5 Best First Basemen All-Time

The second installment in my All-Time Greatest rankings is the list of top 5 first basemen. These men all manned the power position with copious amounts of it, and without further ado:

1.     Lou Gehrig

NYY 1923-1939

162-game average during prime:

.353/.452/.663  43HR  171RBI  111BB  49K

Lou Gehrig is quite simply one of the top 5 position players ever. Picking his 5-year statistical prime is nearly impossible, because his entire career was unbelievably consistent. From his 2nd full season to his 2nd to last full season (a period of 11 years), his 162-game average looks like this: .350/.459/.659  41HR  162RBI  120BB  57K. Rarely does a player’s prime so accurately represent his entire career (much less an elite player like Lou). Seeing no seasons below 110 RBI just mesmerizes me when I read his stat page.

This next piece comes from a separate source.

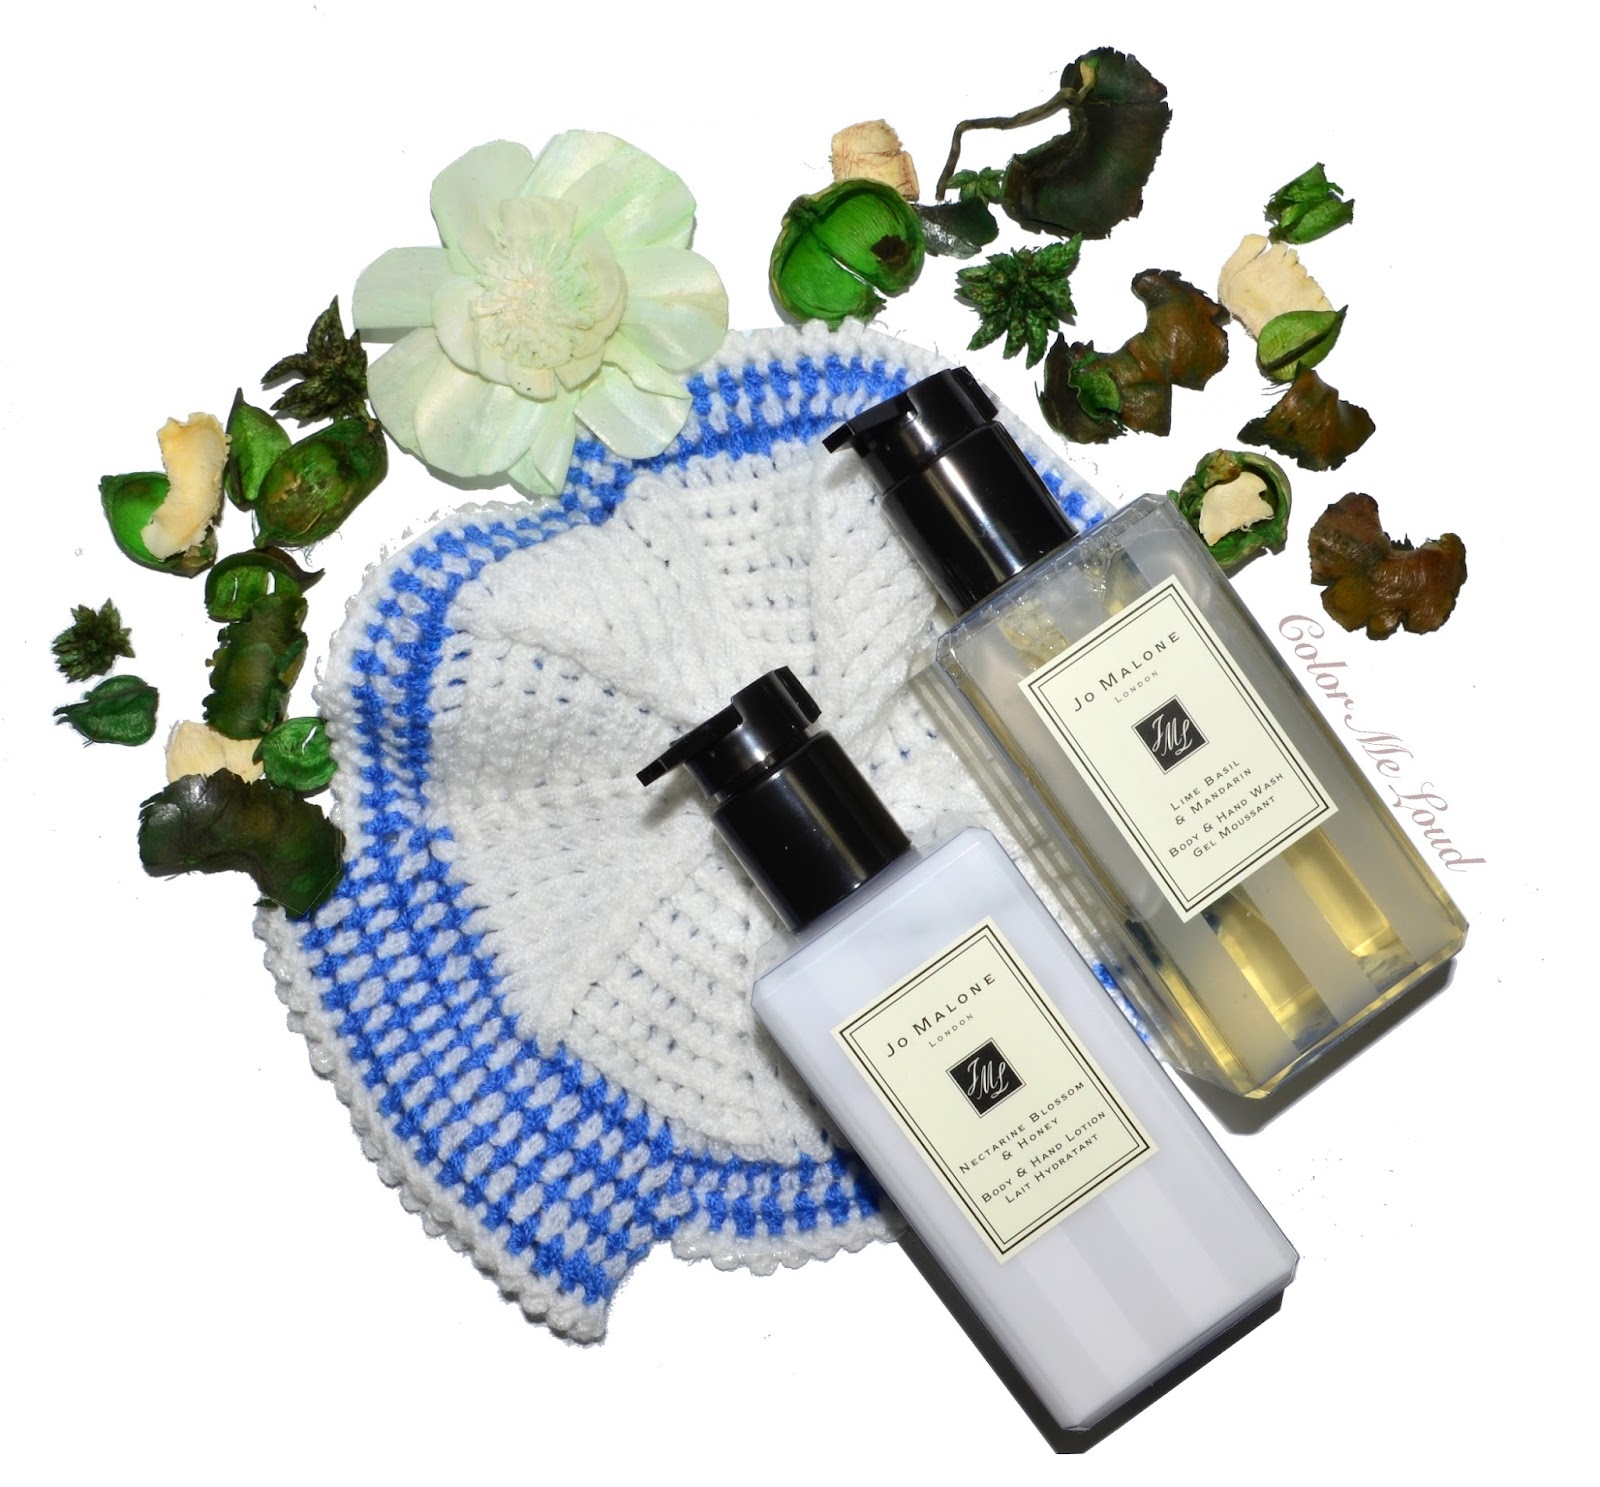 Jo Malone Lime Basil & Body Hand Wash, Nectarine Blossom & Honey Body and Lotion, Review | Color Me Loud

It seems like he just toyed with the opposition; later in his career, he hit fewer triples and compensated with more homers. Also, he lowered his batting average slightly but ticked his walks up, actually increasing his OBP. Again, Lou Gehrig is quite simply one of the top 5 position players ever.

2.     Jimmie Foxx

PHA 1925-1935 BOS 36-42 CHC 44 PHI 45

162-game average during prime:

.348/.454/.675  49HR  155RBI  117BB  104K

Jimmie Foxx doesn’t get nearly the attention he deserves. He has both the extended period of dominance and the single season freakshow feats that usually highlight any historic debate. For 12 consecutive seasons, he hit at least 30 home runs with 100+ RBI. In that stretch, he hit 40+ HR five times, peaking at 58. He also had 160+RBI three times, peaking at 175. He won a triple crown in 1933 with gaudy 48/163/.356 numbers, despite all three of those being lower than what he did in 1932. He was so formidable, his peers gave him one of the greatest nicknames: “The Beast.” Arguably the best right-handed hitter in history, it is embarrassing how few people really recognize his greatness.

3.     Hank Greenberg

DET 1930, 33-41, 45-46 PIT 47

162-game average during prime:

.330/.423/.644  42HR  170RBI  99BB  100K

Hank Greenberg unfortunately had several obstacles to overcome for his Major League career. Most notably, he had one MVP stolen from him that history has attributed to anti-Semitism and he missed 3 full seasons (and the majority of 2 others) because of World War II when he was 30. That detracts from his total numbers, obviously, and also it might have prevented him from putting up his best individual seasons. He led the league in HRs and RBIs in the same season three times, including his last year before going to war and his first year back from it. It’s hard to imagine what he could’ve done with those seasons. He earned this ranking based on what he actually did do, though These are his single-season highs in some key stats: 63 doubles, 58 home runs, 183 runs batted in, 119 walks, .348 average. Each of those is impressive, some bordering on absurd. What makes this even more noteworthy-  these happened in 5 separate seasons, meaning he achieved new and different levels of dominance throughout his career.

4.     Dan Brouthers

Various Non-ML teams 1879-1896, NYG 04

162-game average during prime:

.360/.408/.562  14HR  121RBI  56BB  23K

Dan Brouthers is not exactly a household name, that’s for sure. However, he could easily be considered one of the best hitters of the 19th century. When looked at in context, his career truly shines. The leagues only played in 120-130 games throughout his career, so many of his numbers aren’t aesthetically pleasing, but his rate categories speak for themselves. In fact, he topped the league in slugging for six consecutive seasons. Only the legendary Babe Ruth has done that for longer (7).

5.     Albert Pujols

STL 2001-

162-game average during prime:

.336/.429/.634  45HR  127RBI  95BB  61K

I hate to make such a bold statement with putting him here, but it’s important not to overthink this one. He has done in 10 years what very few people have accomplished in their entire careers, and he has done it without any years of subpar production. I’m adopting the policy of the minimum plate appearances required to qualify for the batting title. If you have the highest average but don’t meet the plate appearance threshold, but would still lead if hitless at-bats were tacked on until you hit the minimum, then you deserve the title. In this case, if Albert Pujols added 10 sucky years (aka hitless at-bats), he would still be on this list, so he deserves it now. In the last 8 years, he has never finished outside of the top ten in the league in home runs, average, on-base, slugging, or RBI. In an era where many great single-season performances are never repeated, Albert Pujols hasn’t always been at the top of the league. He has, though, always been among the leaders. Always.